Task prompt
The full listing, excluding its pictures, should be printed exactly as it stands.

Supplied data
--------------------------------------------------

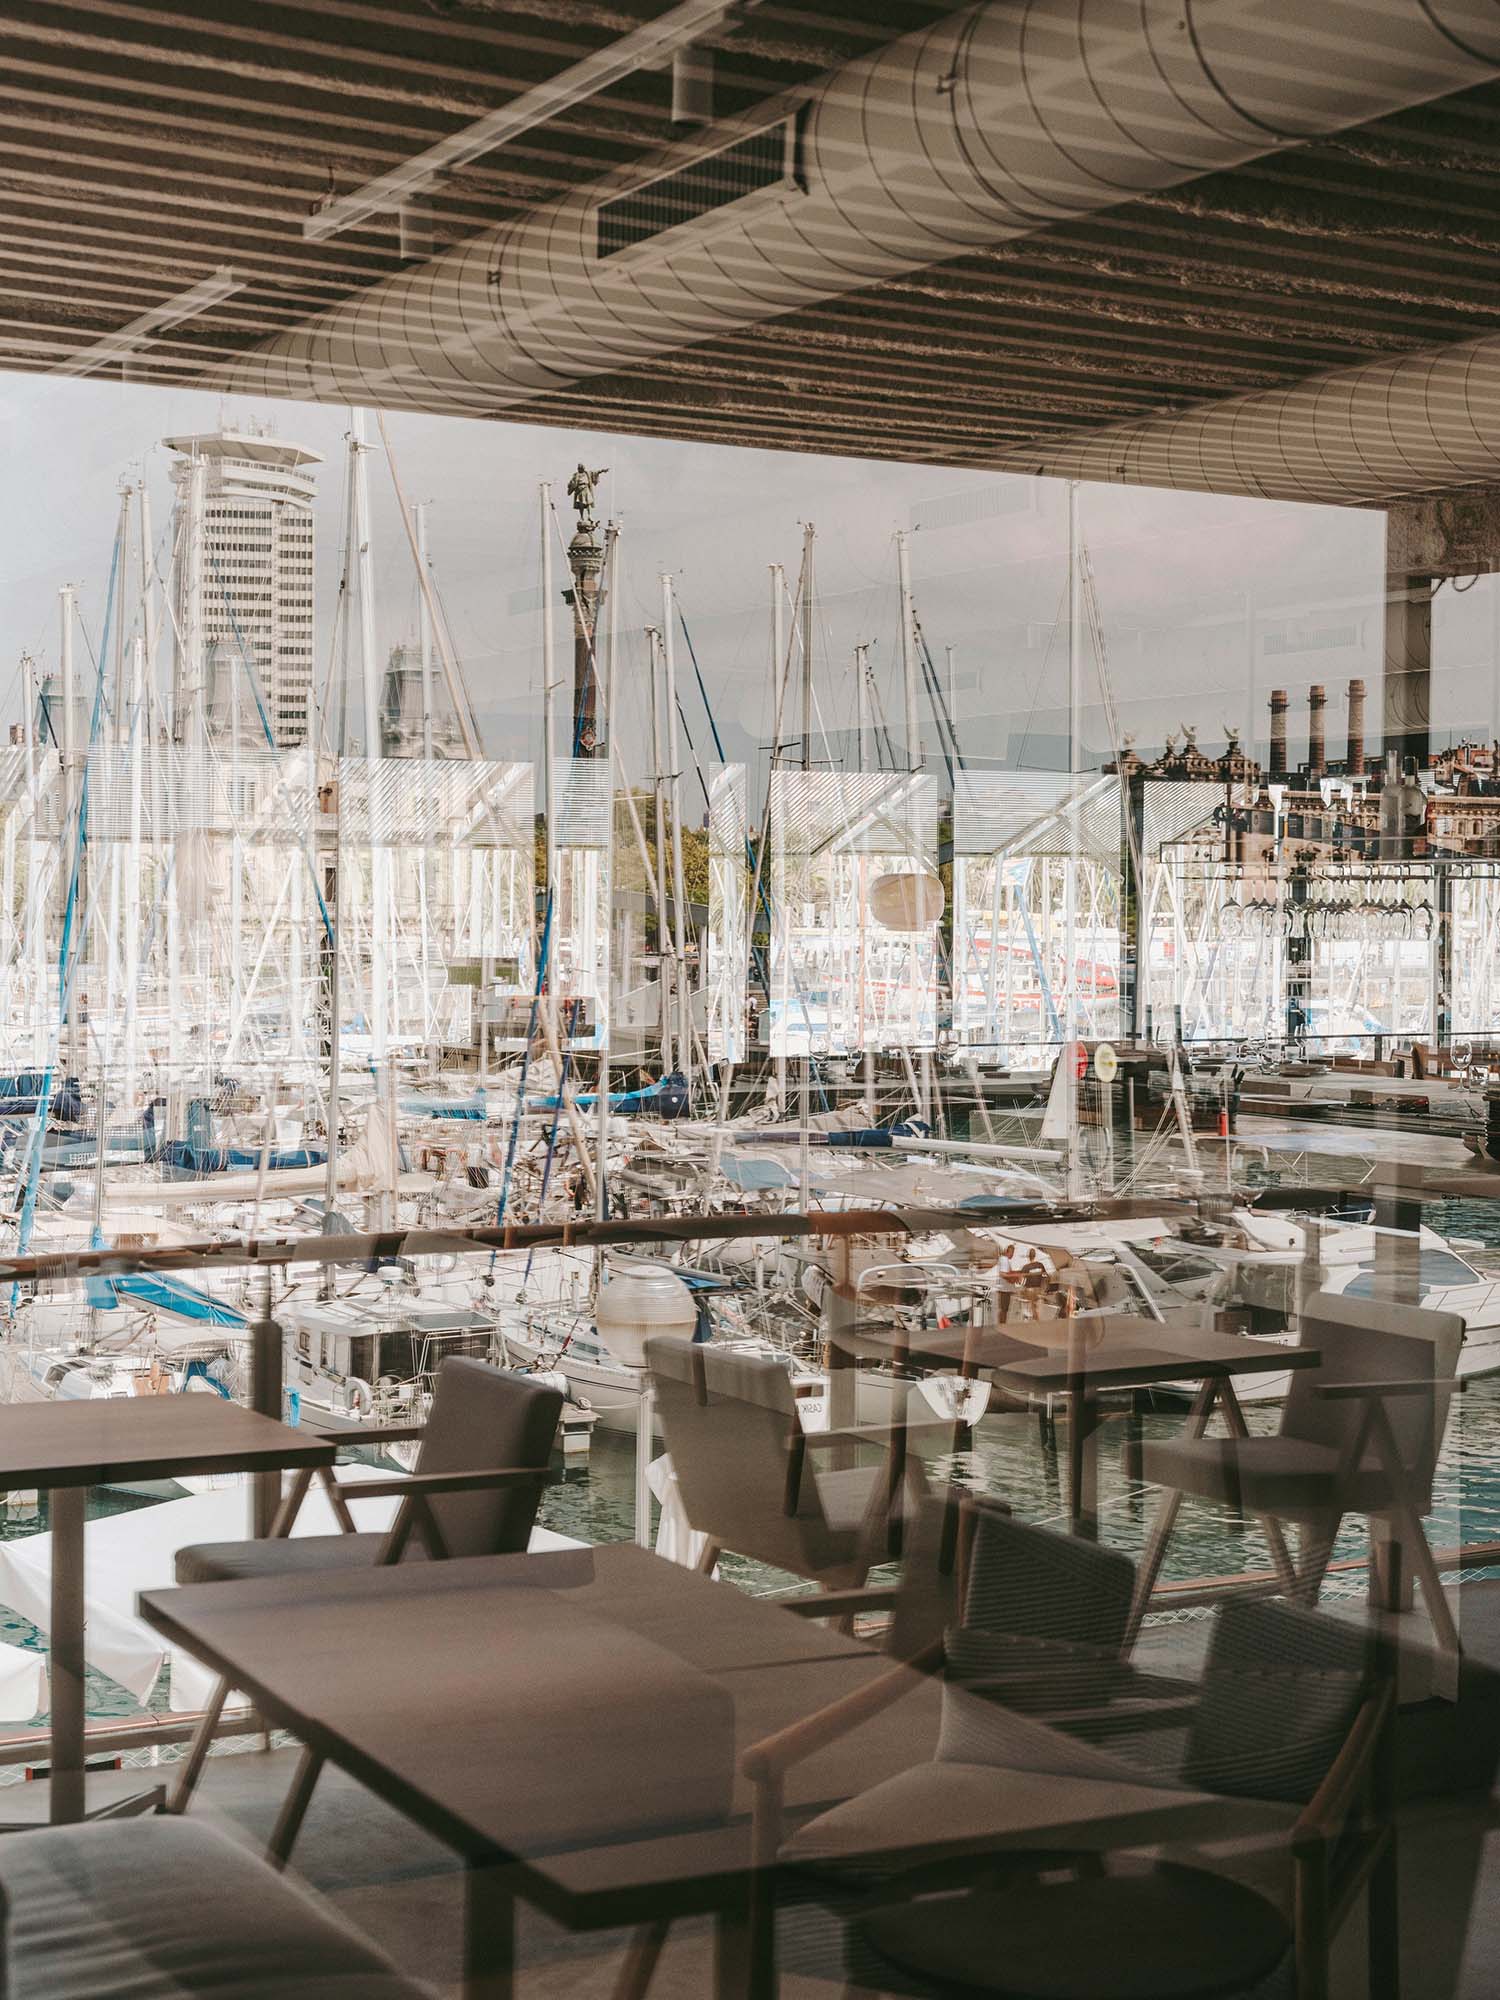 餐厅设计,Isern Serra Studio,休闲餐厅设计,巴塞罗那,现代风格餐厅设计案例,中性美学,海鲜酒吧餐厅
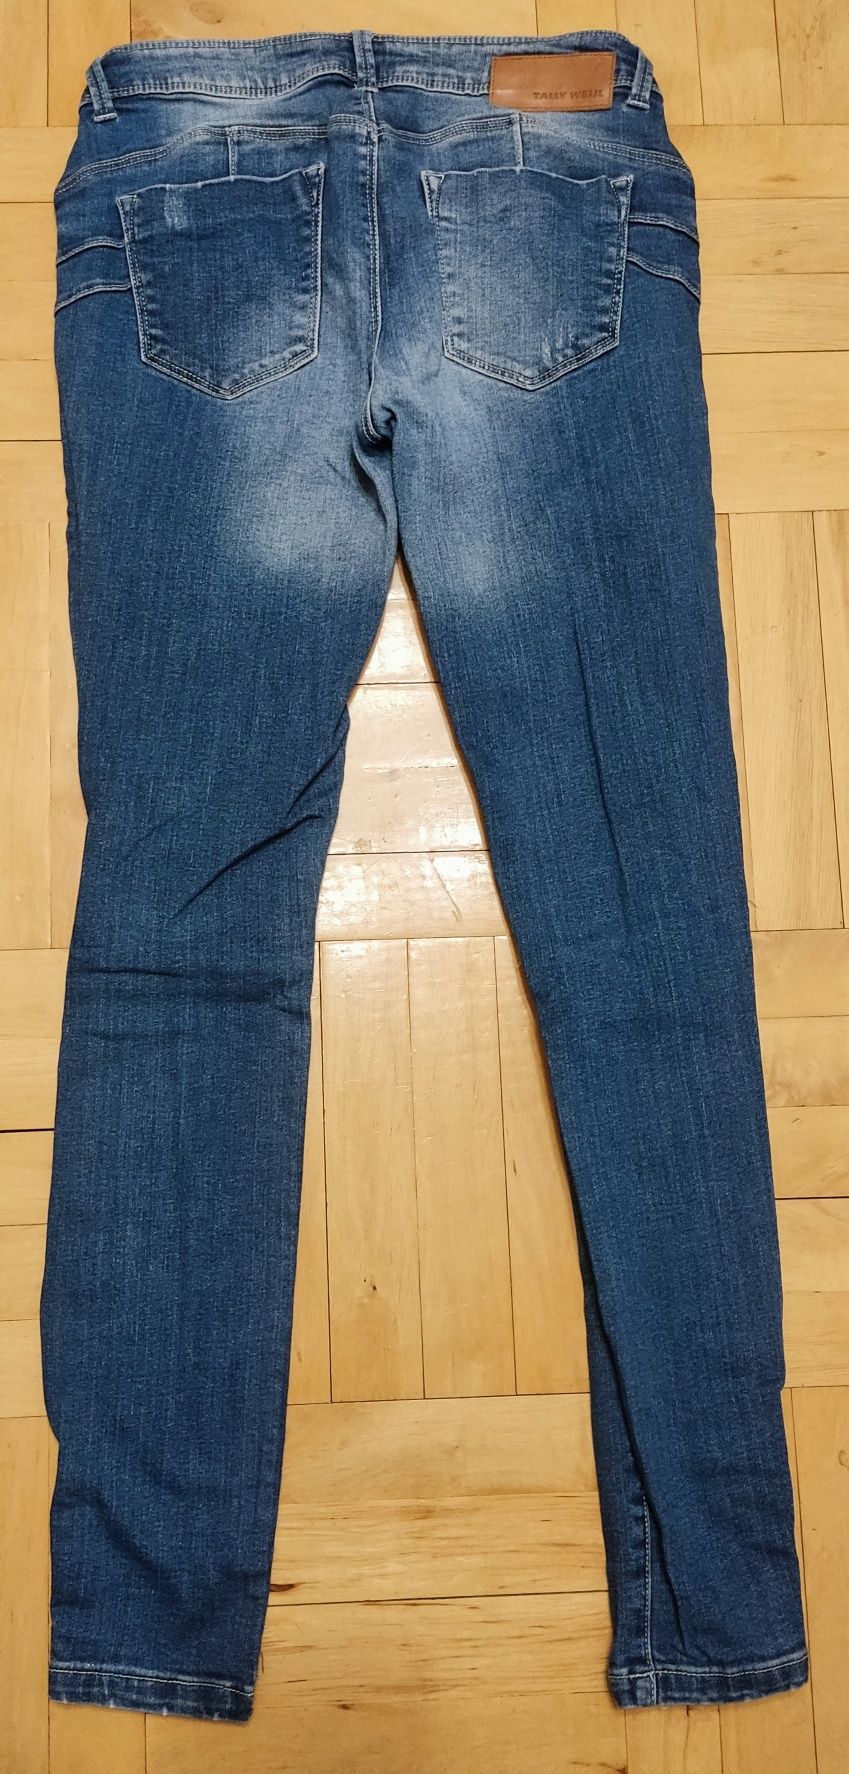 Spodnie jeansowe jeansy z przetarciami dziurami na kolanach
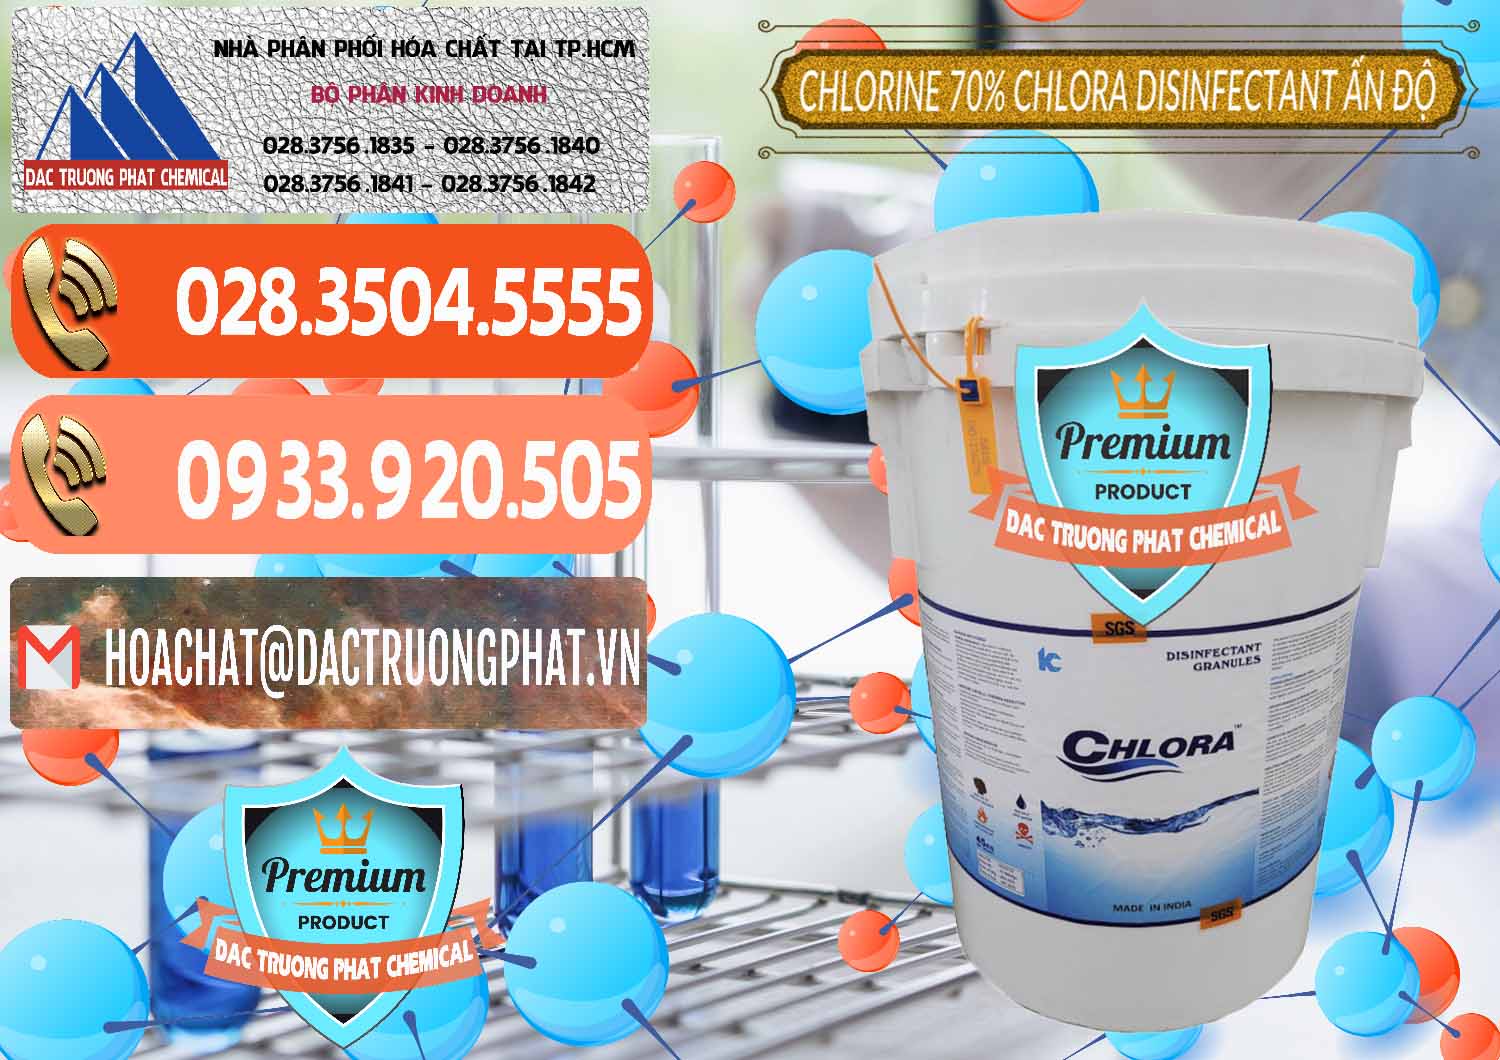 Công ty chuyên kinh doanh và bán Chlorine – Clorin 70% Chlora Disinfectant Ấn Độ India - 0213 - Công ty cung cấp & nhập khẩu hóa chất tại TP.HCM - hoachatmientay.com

--------------------------------------------------

Your response
 餐厅设计,Isern Serra Studio,休闲餐厅设计,巴塞罗那,现代风格餐厅设计案例,中性美学,海鲜酒吧餐厅
 Spodnie jeansowe jeansy z przetarciami dziurami na kolanach
 Công ty chuyên kinh doanh và bán Chlorine – Clorin 70% Chlora Disinfectant Ấn Độ India - 0213 - Công ty cung cấp & nhập khẩu hóa chất tại TP.HCM - hoachatmientay.com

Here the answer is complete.